Dynamic behavior of small heat shock protein inhibition on amyloid fibrillization of a small peptide (SSTSAA) from RNase A

Abstract

Small heat shock proteins, a class of molecular chaperones, are reported to inhibit amyloid fibril formation in vitro, while the mechanism of inhibition remains unknown. In the present study, we investigated the mechanism by which Mj HSP16.5 inhibits amyloid fibril formation of a small peptide (SSTSAA) from RNase A. A model peptide (dansyl-SSTSAA-W) was designed by introducing a pair of fluorescence resonance energy transfer (FRET) probes into the peptide, allowing for the monitoring of fibril formation by this experimental model. Mj HSP16.5 completely inhibited fibril formation of the model peptide at a molar ratio of 1:120. The dynamic process of fibril formation, revealed by FRET, circular dichroism, and electron microscopy, showed a lag phase of about 2 h followed by a fast growth period. The effect of Mj HSP16.5 on amyloid fibril formation was investigated by adding it into the incubation solution during different growth phases. Adding Mj HSP16.5 to the incubating peptide before or during the lag phase completely inhibited fibril formation. However, introducing Mj HSP16.5 after the lag phase only slowed down the fibril formation process by adhering to the already formed fibrils. These findings provide insight into the inhibitory roles of small heat shock proteins on amyloid fibril formation at the molecular level.

Introduction

Amyloid deposition is found in the amyloid diseases such as Alzheimer’s disease and Type II diabetes. Small heat shock proteins (sHSPs), a class of molecular chaperons, suppress aggregation of misfolded proteins, acting as a protective mechanism in cells under stress conditions. Diverse members of the sHSP family are reported to inhibit fibril formation in vitro [1], [2], [3], [4], [5], [6], [7], [8], [9], [10]. In the present study, we used Mj HSP16.5, a sHSP from Methanococcus jannaschii [11], to study the effect of small heat shock proteins on the growth of amyloid fibrils by an amyloidogenic peptide, SSTSAA, derived from RNase A.

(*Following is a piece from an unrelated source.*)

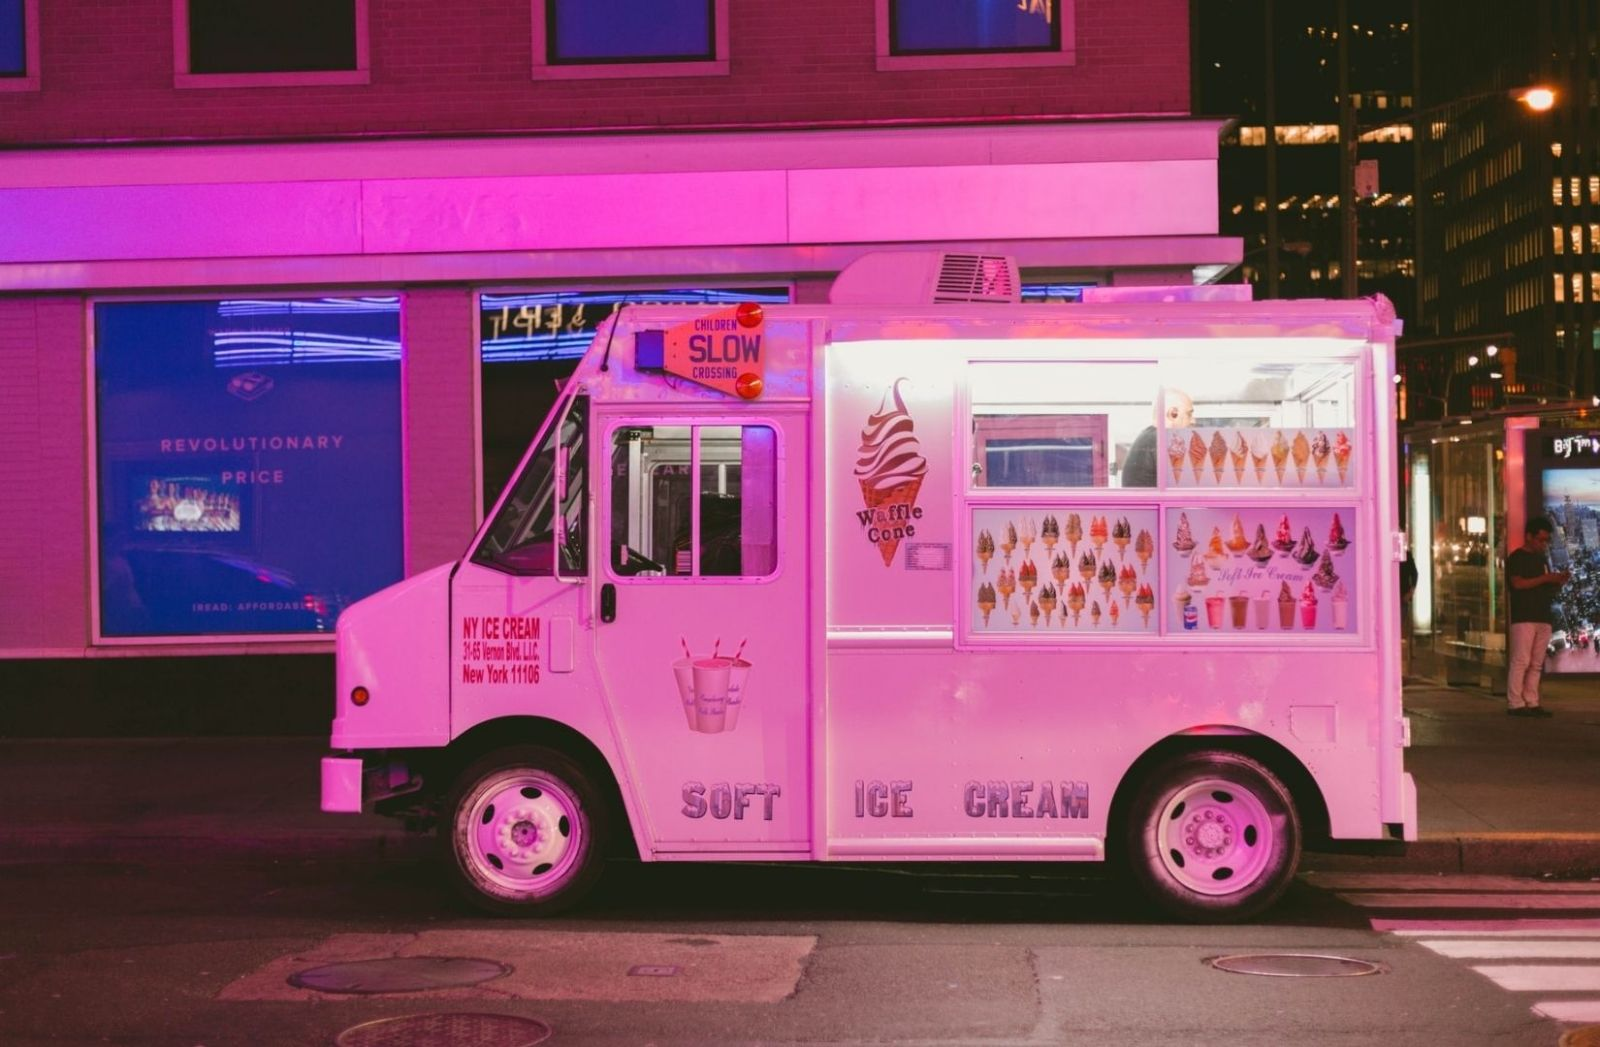 Pink Ice als Gesellschaftsmodell? (Foto: Paul Trienekens, Unsplash.com)

Both the crystal structure of Mj HSP16.5 [11] and the microcrystal formed by the peptide SSTSAA [14] have been solved. The chaperone activity of Mj HSP16.5 has been reported for various substrates in vitro [11], [12], [13]. Mj HSP16.5 exists only as a 24mer, with a characteristic hollow, spherical shape evident under EM [12]. The synthesized peptide SSTSAA is an amyloidogenic segment derived from RNase A, and it forms amyloid fibrils itself. X-ray crystallography studies examining the microcrystals formed by this peptide aggregate reveal a cross-β spine structure, with the formation of a steric zipper between two mating β-sheets, which has been suggested to be a common structural feature shared by amyloid fibrils at the molecular level [14].

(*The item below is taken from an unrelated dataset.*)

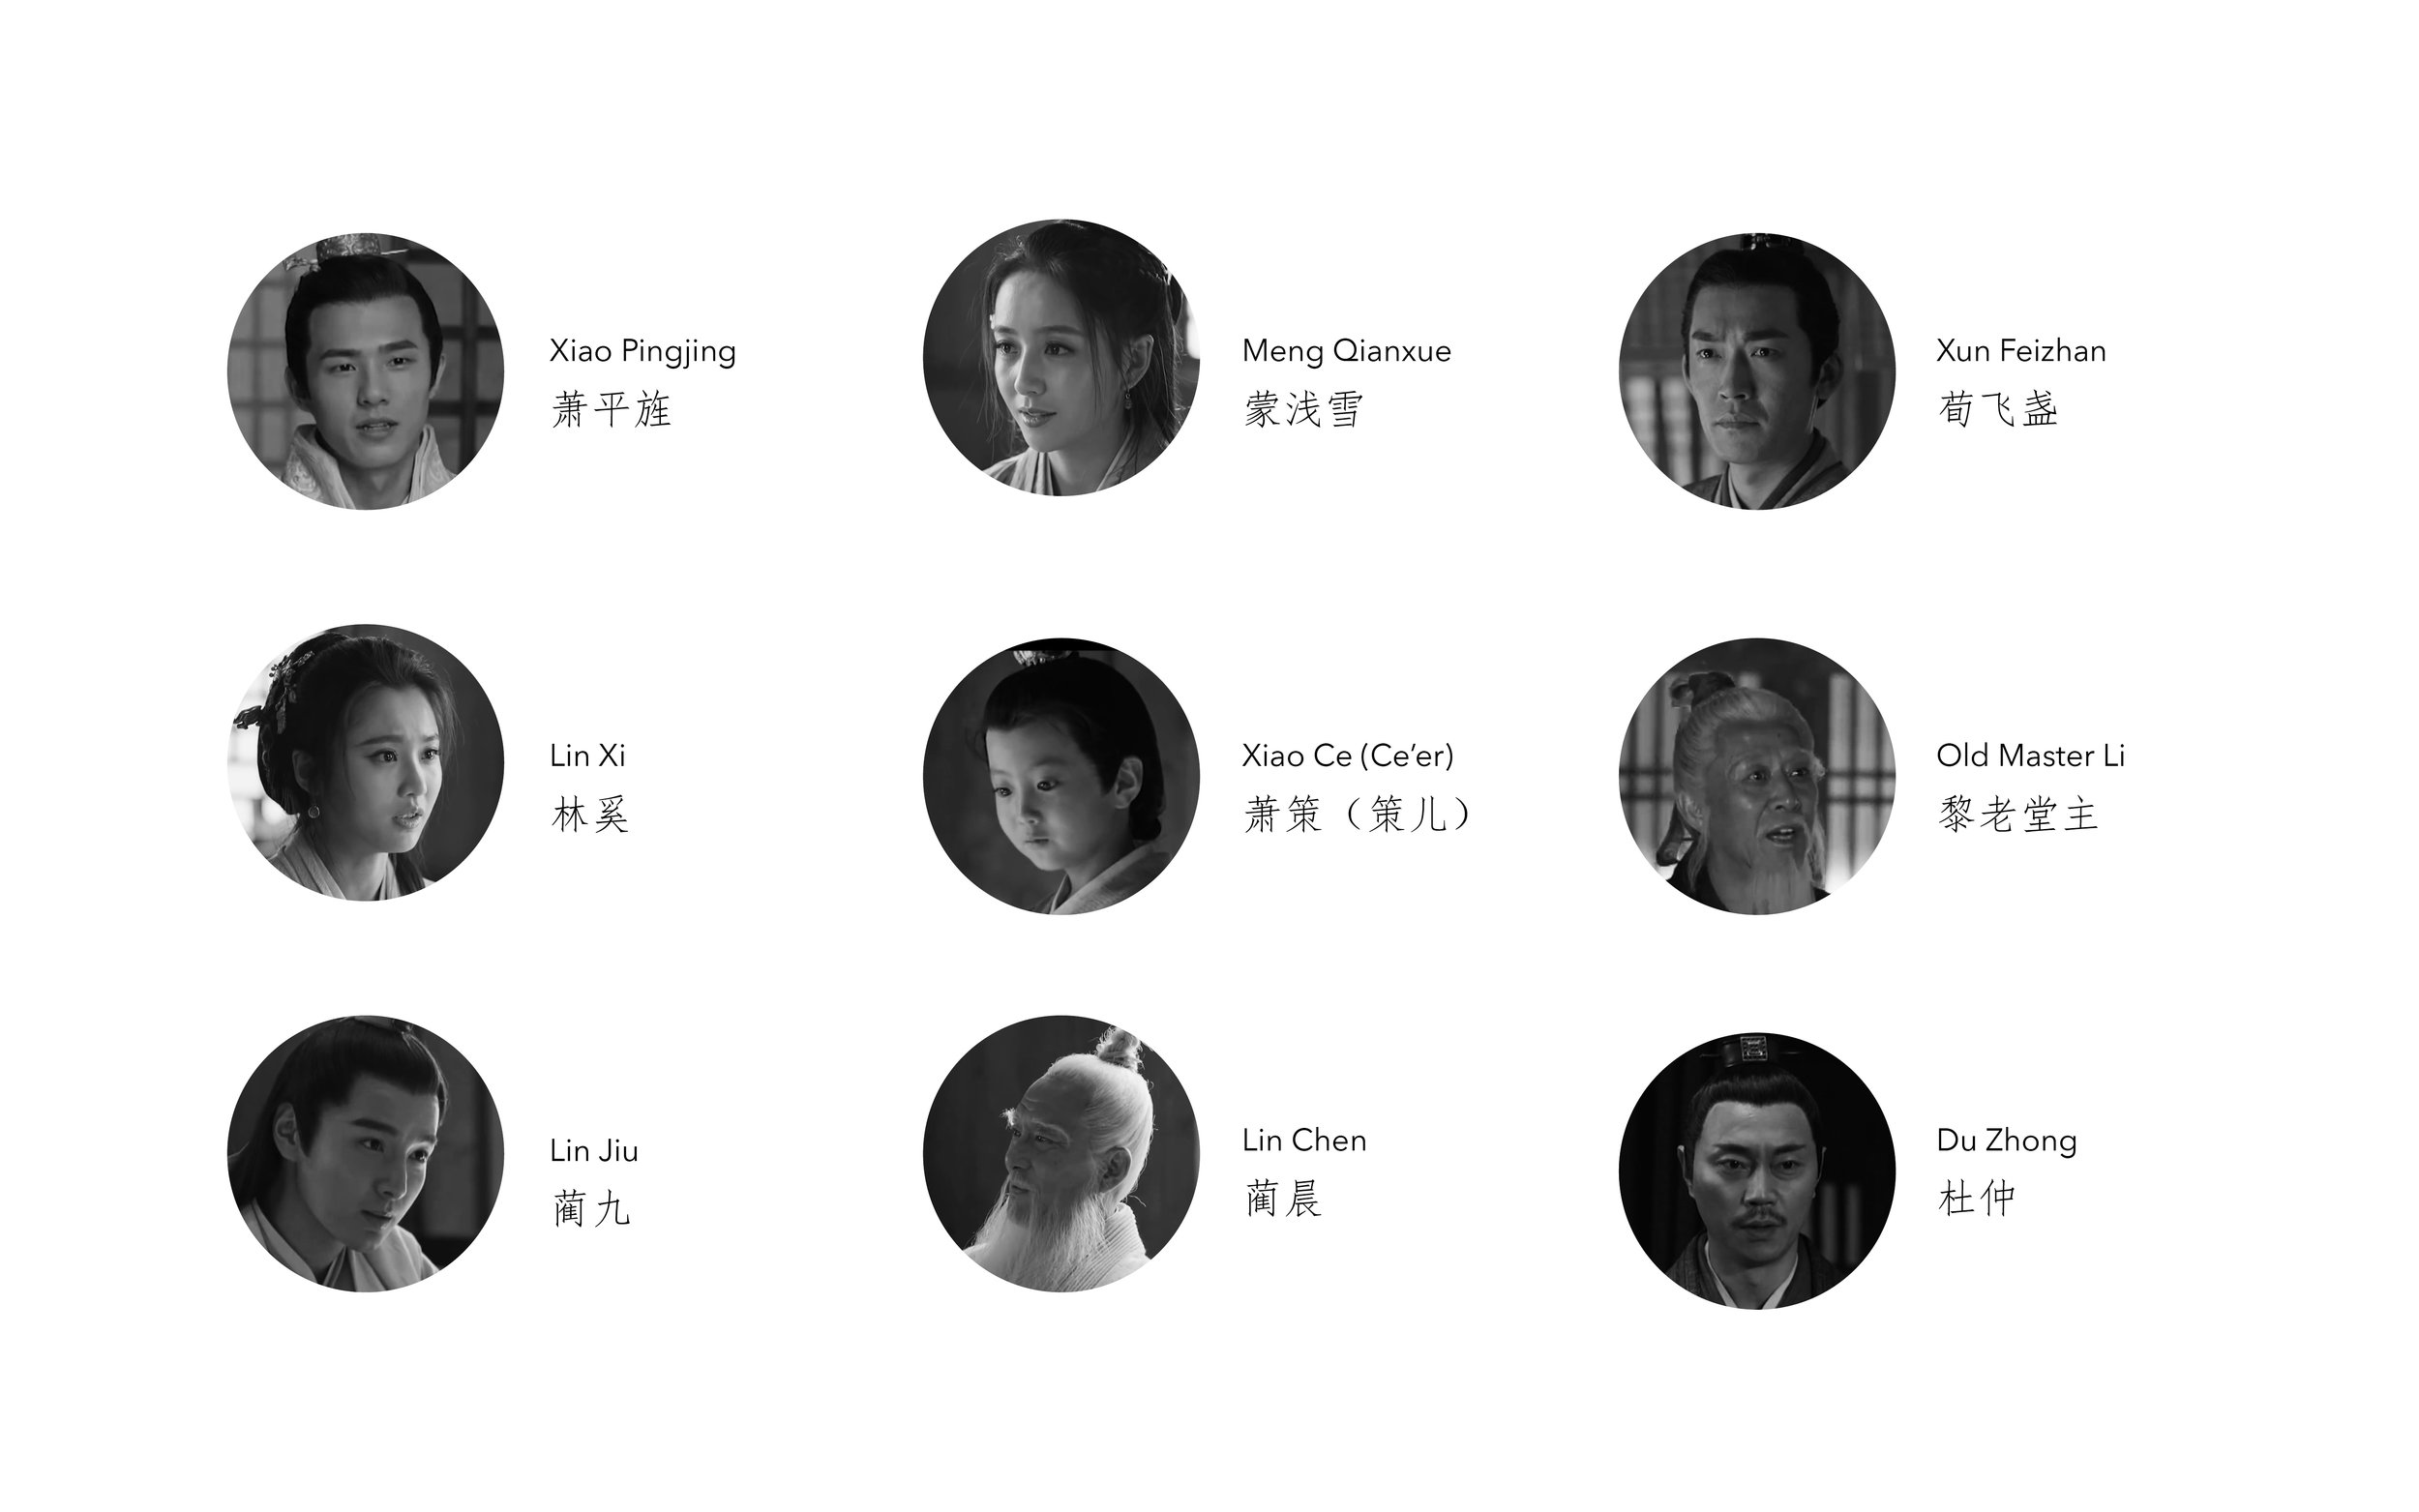 wedding characters bw.jpg

Amyloid fibril formation of small peptides, from monomer into the mature fibril is a multi-stage process, during which different kinds of intermediates form, such as the oligomers, the β-pleated sheet, the steric zipper formed by two mating β-sheets, and the protofibrils [14]. Fragments of the proteins Aβ(1–40) and Aβ(1–42), which are the primary component of senile plaques in Alzheimer’s disease, experience a similar stepwise process on the way to aggregation from monomer to oligomer to protofibril into mature fibrils [15], [16]. A slow lag phase is commonly observed in this process, during which no fibrils form and the slow nucleation process is underway. After the lag phase, the fast elongation phase of fibrils begins, and the protofibrils are further twisted and cross-linked to form mature fibrils during the late stage [14].

The main aim of this study was to determine at which stage of fibril formation sHSPs play an inhibitory role. Diverse methods, such as surface plasmon resonance [16], Congo red binding and turbidity [8], sedimentation equilibrium and velocity [4], quartz crystal microbalance, and NMR [17] have been used by other groups to study this problem in vitro. However, much remains to be done in order to fully understand the inhibitory mechanism by using different systems and methods. Previously, we developed a fluorescence resonance energy transfer (FRET)-based method to detect the fibril formation process by attaching a dansyl group at the N-terminal and a tryptophan residue at the C-terminal of the studied peptide [18]. This method can be used to follow the dynamic process of amyloid fibril growth simply by using a fluorometer. We have used it to distinguish different cross-β spine arrangements in fibril structures [19]. In the present study, we used the same method and attached a dansyl group to the N-terminal and a tryptophan residue to the C-terminal of the SSTSAA peptide. Then we used FRET, electron microscopy (EM), and circular dichroism (CD) to follow the fibril formation process. We investigated the inhibition effect of Mj HSP16.5 on amyloid fibril formation by adding Mj HSP16.5 to the amyloid fibril incubation solution during different phases of growth, exploiting both FRET detection and EM sample analysis.